*Task description*
Find the line containing "HOMEIDEAS Navy Blue" in the material below, then please transcribe it and each line after it exactly, without the pictures.

*Data excerpt*
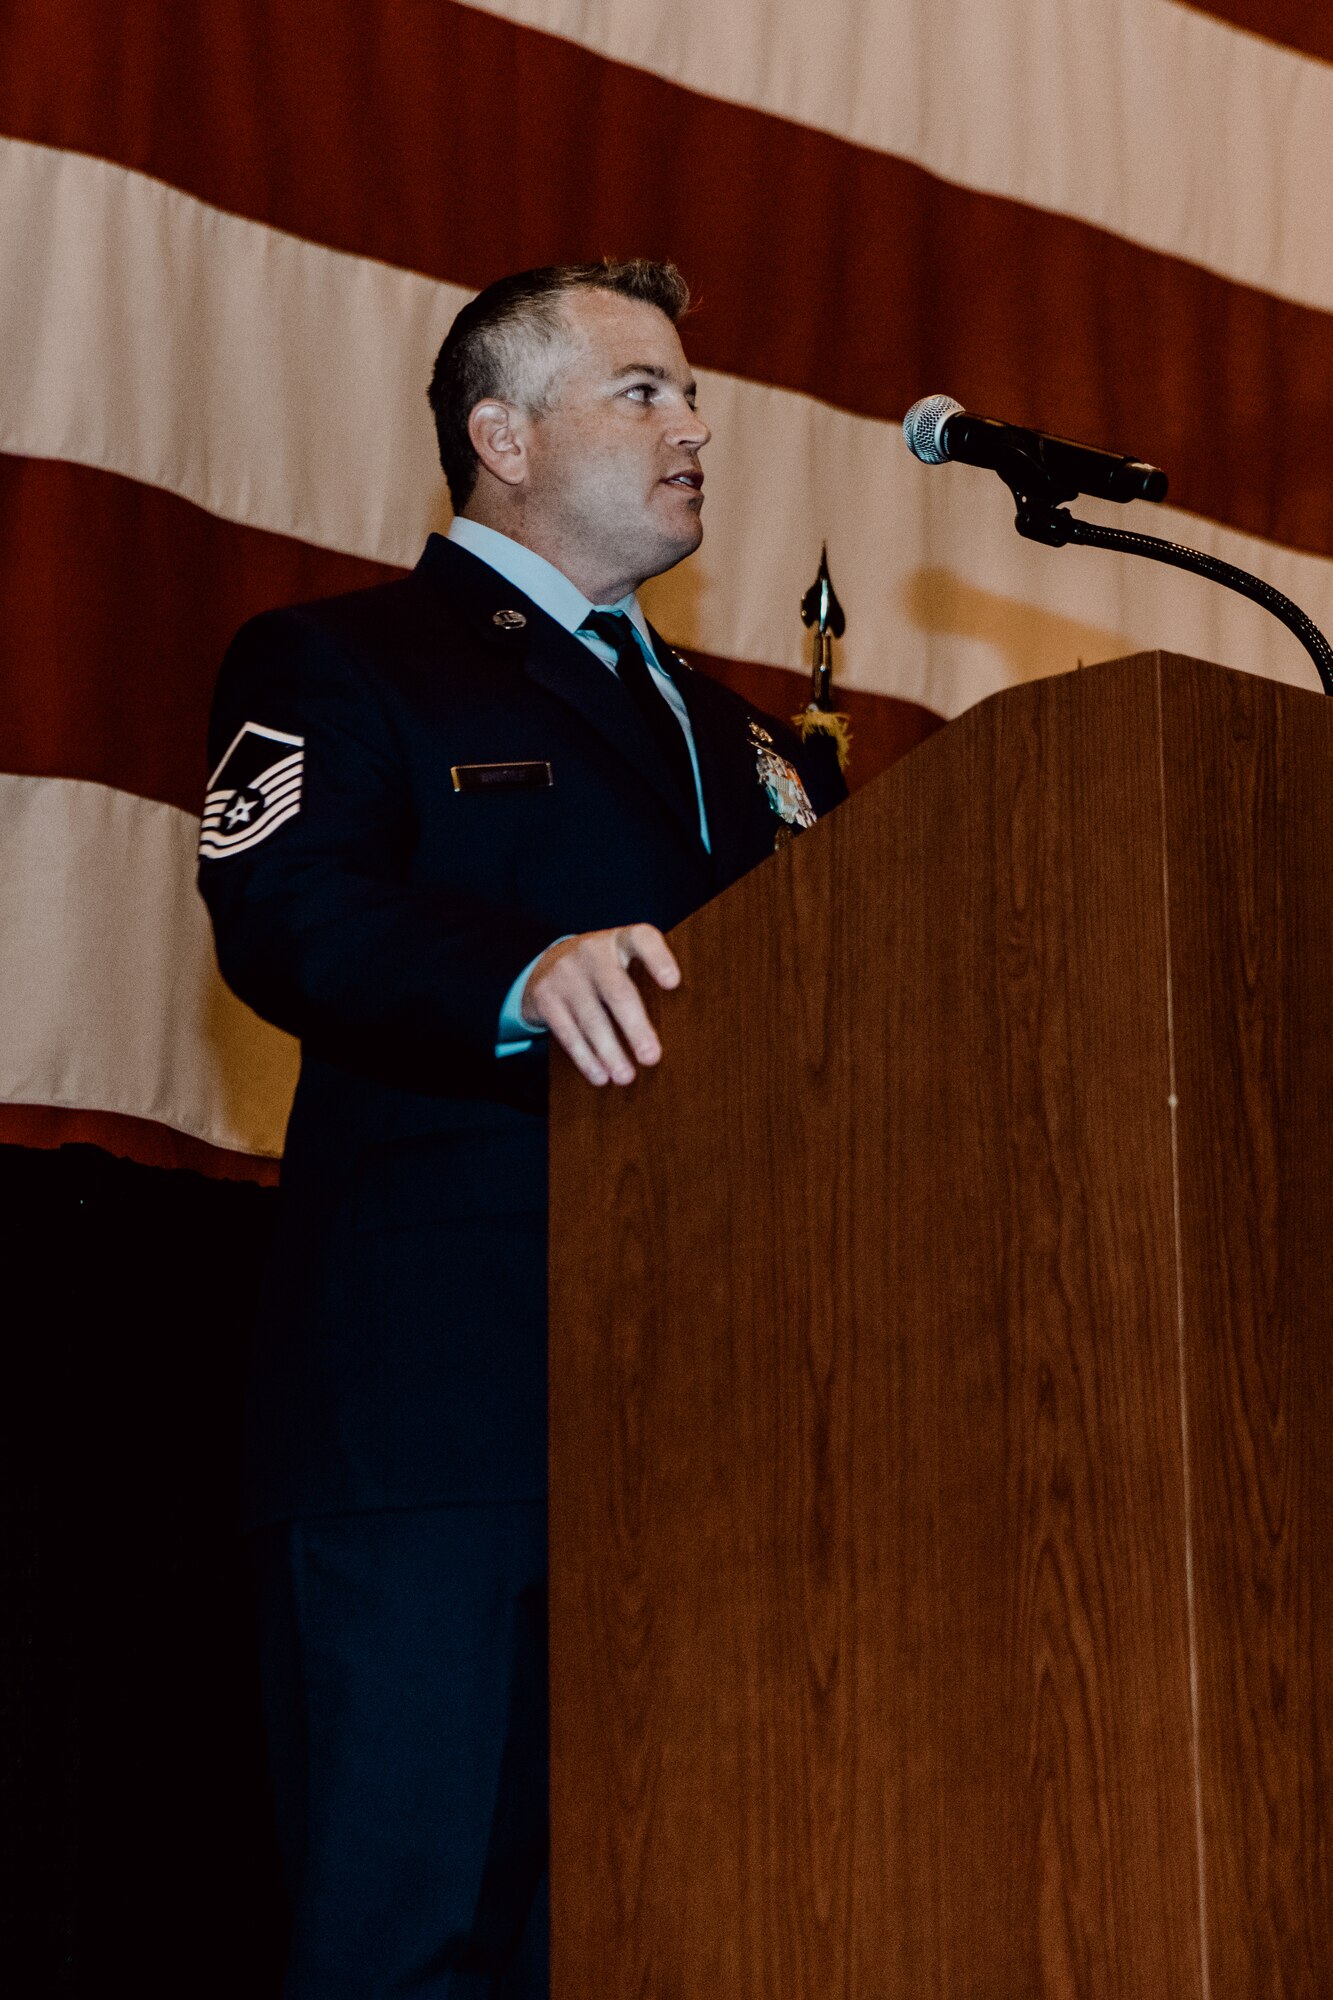 Master Sgt. Bryan Whittle, assigned to the 205th Engineering and Installation Squadron, talks about the honor of receiving the Airman’s Medal during a ceremony at Will Rogers Air National Guard Base in Oklahoma City, Dec. 8, 2019. Whittle received the award for his heroic actions that prevented an active shooter from taking innocent lives. (U.S. Air National Guard photo by Staff Sgt. Jordan Martin)
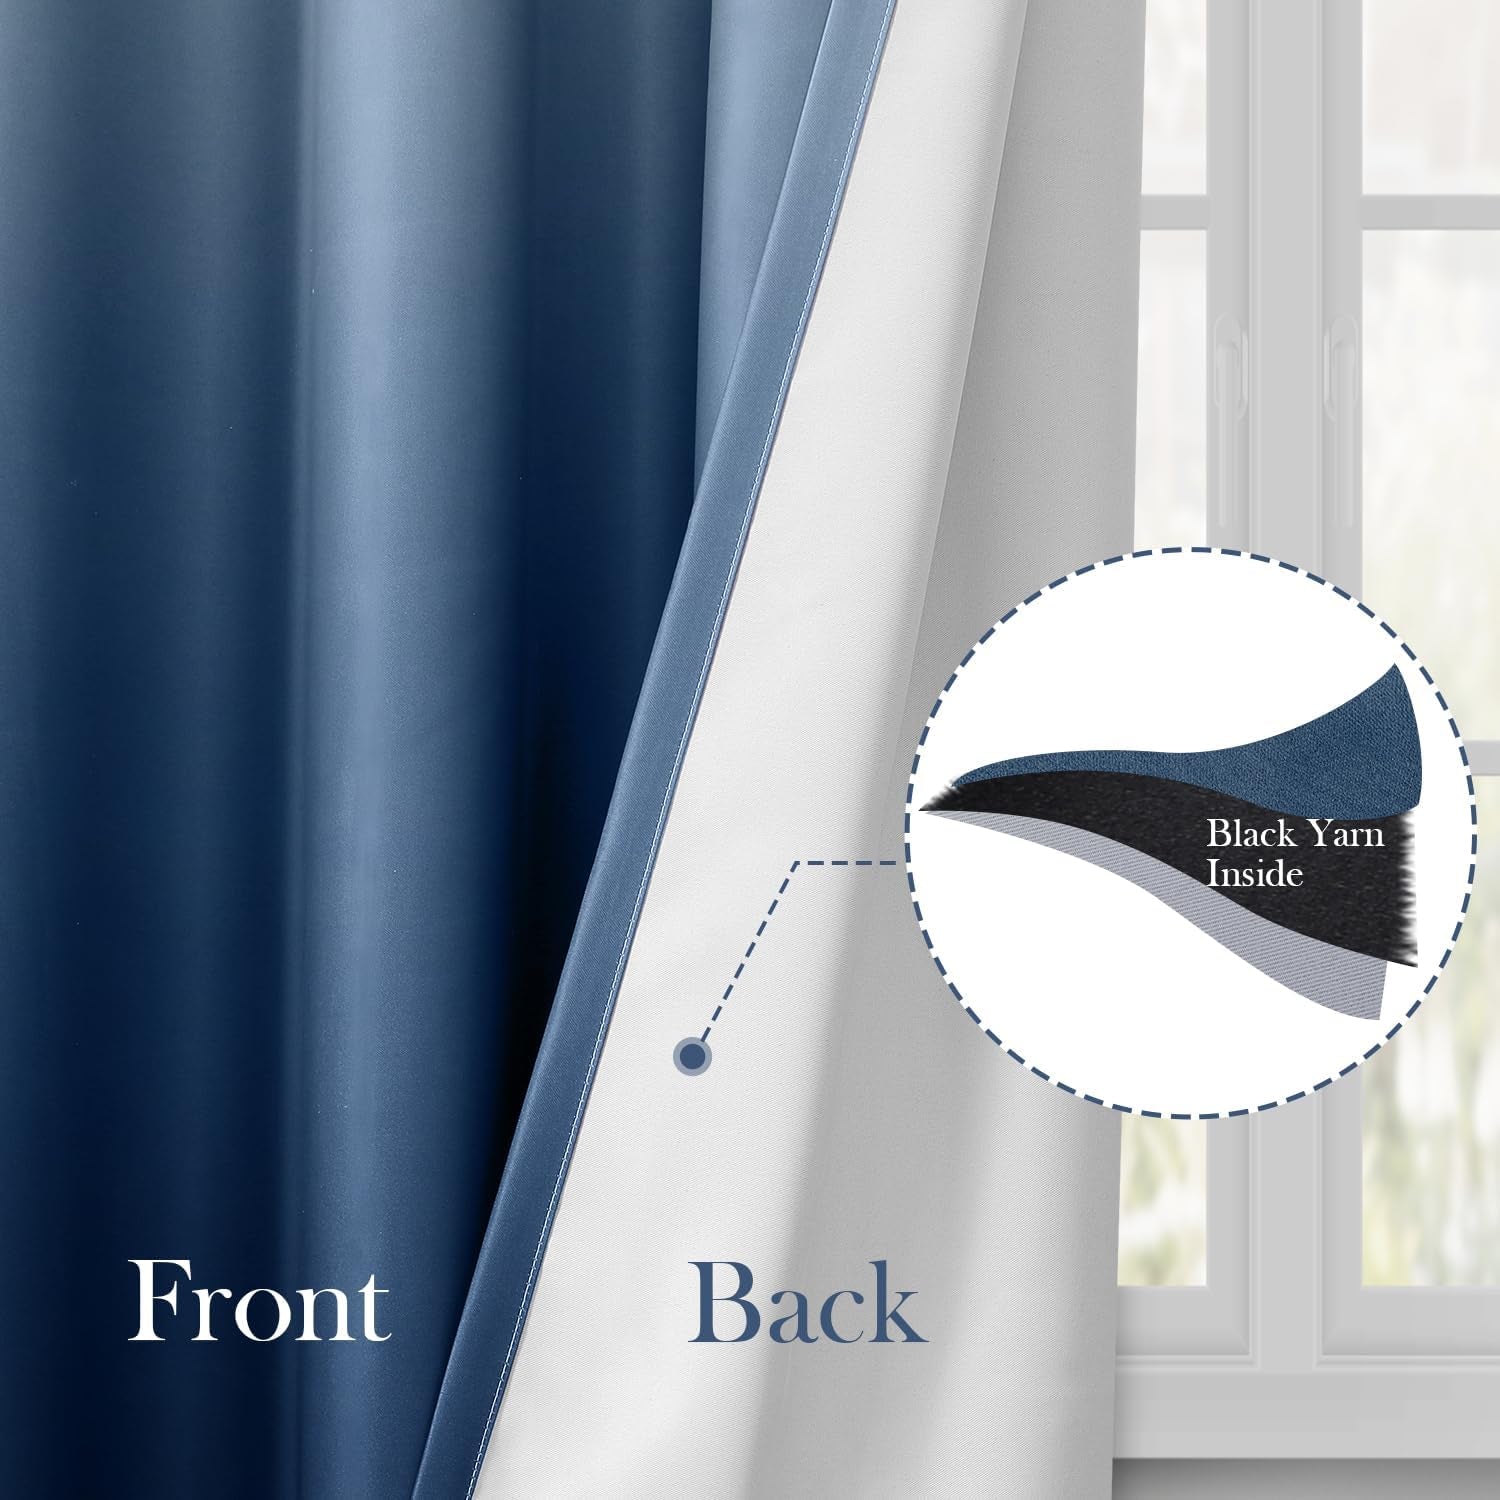 HOMEIDEAS Navy Blue Ombre Blackout Curtains 52 X 84 Inch Length Gradient Room Darkening Thermal Insulated Energy Saving Grommet 2 Panels Window Drapes for Living Room/Bedroom  HOMEIDEAS   
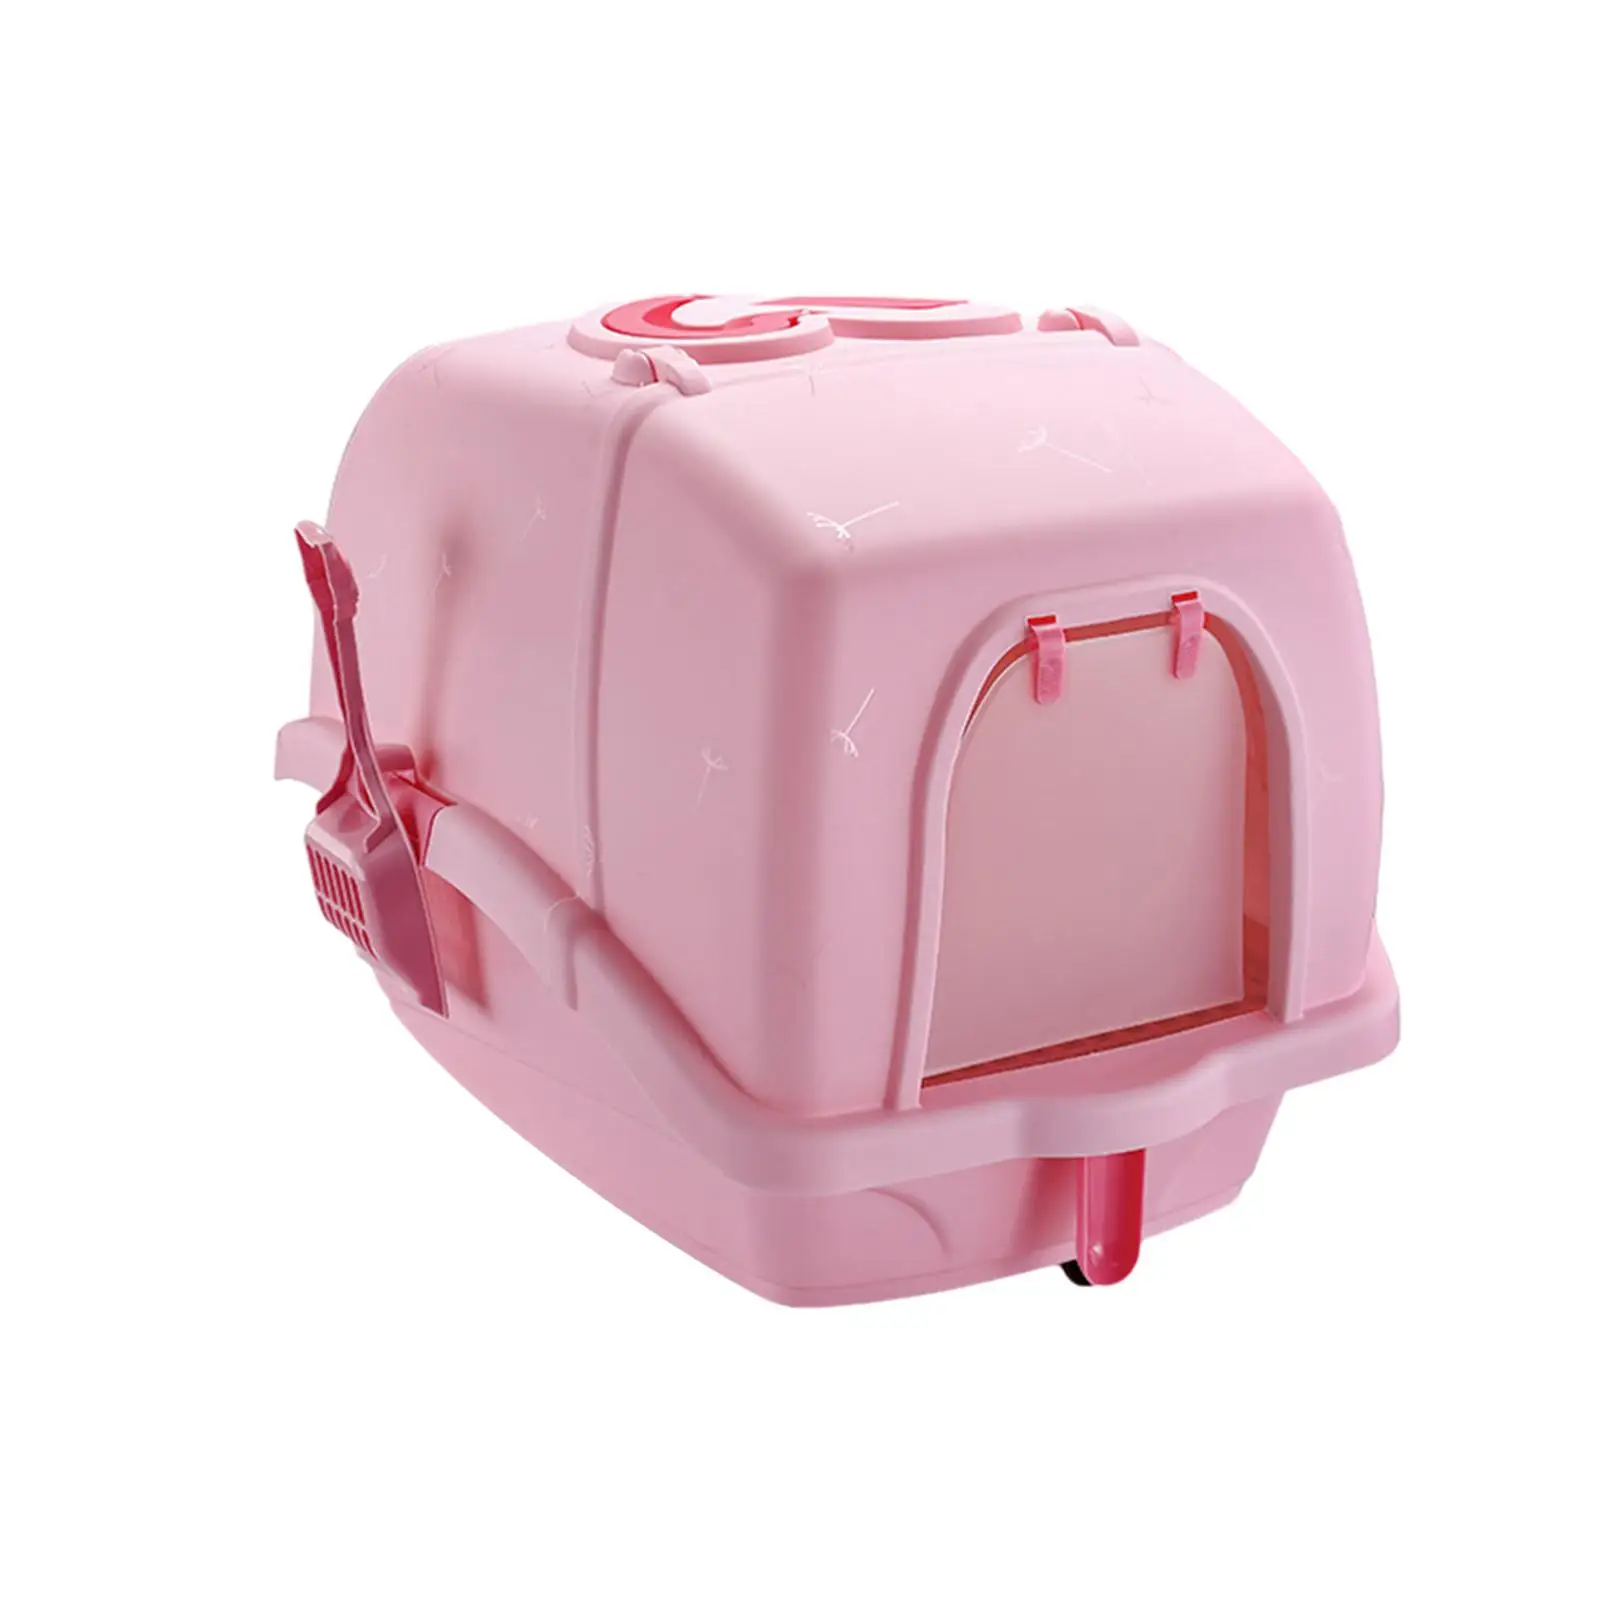 Enclosed Cat Litter Box Heavy Duty Two Way Movable Door Easily Access for Cleaning Anti Splashing Hooded Cat Bedpan with Spade

*Output of the task*
 HOMEIDEAS Navy Blue Ombre Blackout Curtains 52 X 84 Inch Length Gradient Room Darkening Thermal Insulated Energy Saving Grommet 2 Panels Window Drapes for Living Room/Bedroom  HOMEIDEAS   
 Enclosed Cat Litter Box Heavy Duty Two Way Movable Door Easily Access for Cleaning Anti Splashing Hooded Cat Bedpan with Spade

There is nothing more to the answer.